Rising freight rates is a tide that lifts all container ships, and like its peers, Maersk Line reported freight rates increasing across all trades in 2017. East–west rates increased by 19.3 percent, driven primarily by Europe trades, while an 8.9 percent rise in north–south rates was led by West Central Asia and Africa trades. Intra-regional rates increased by 2.4 percent.

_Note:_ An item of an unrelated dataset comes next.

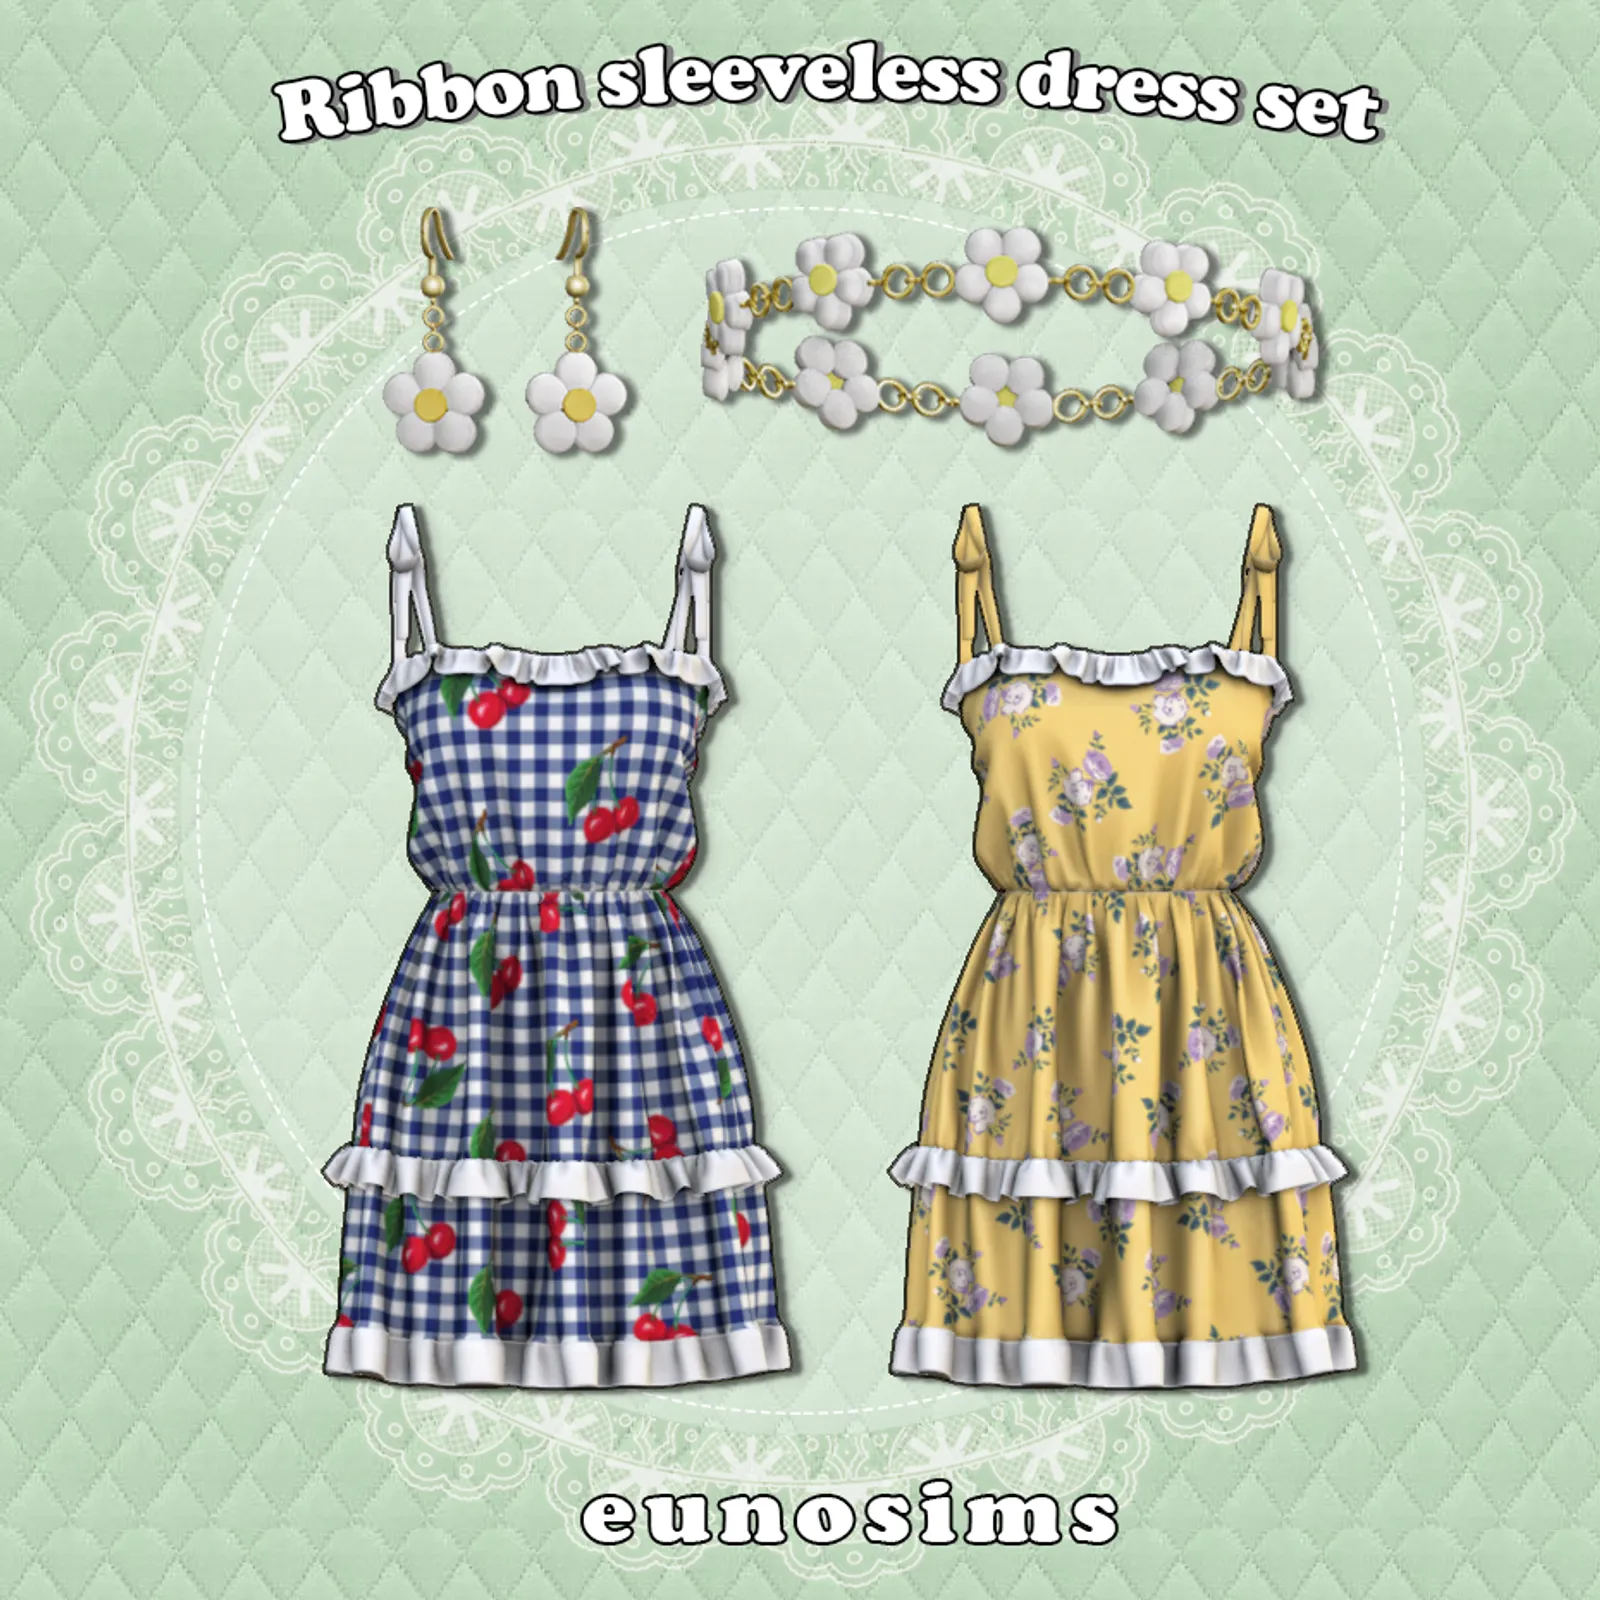 Ribbon sleeveless dress set

The increase in freight rates was a result of record lows in 2016, and the rates peaked in the second quarter of 2017 before beginning a fall that lasted until the end of the year. While Maersk Line reported average freight rates of $2,005 per FEU across its global operations that were almost 12 percent higher than those achieved in 2016, the average unit cost of transporting each container also rose, coming in at $2,079, or 5 percent above that of 2016. Rates for 2017 were well below the average per-40-foot container achieved in 2013 and 2014 when it surged past $2,600 per FEU.
The latest reading of the Shanghai Shipping Exchange’s Shanghai Containerized Freight Index shows that Asia–Europe spot market rates remained flat this week, rising by just $2 to $914 per TEU and falling slightly on Asia–Mediterranean routes to $791 per TEU. Trans-Pacific rates declined this week, with Asia–US West Coast falling by $66 to $1,486 per FEU and Asia–US East Coast sliding by $68 to $2,775 per FEU. The weekly rate movements are tracked at JOC.com’s Market Data Hub.
Maersk Group as a whole reported an underlying profit of $356 million on revenue of $30.9 billion derived mainly from its transport and logistics operations. The group is divesting itself of its energy-related businesses, but if the financial performance of these discontinued operations is included, the group made a loss of $1.16 billion in 2017.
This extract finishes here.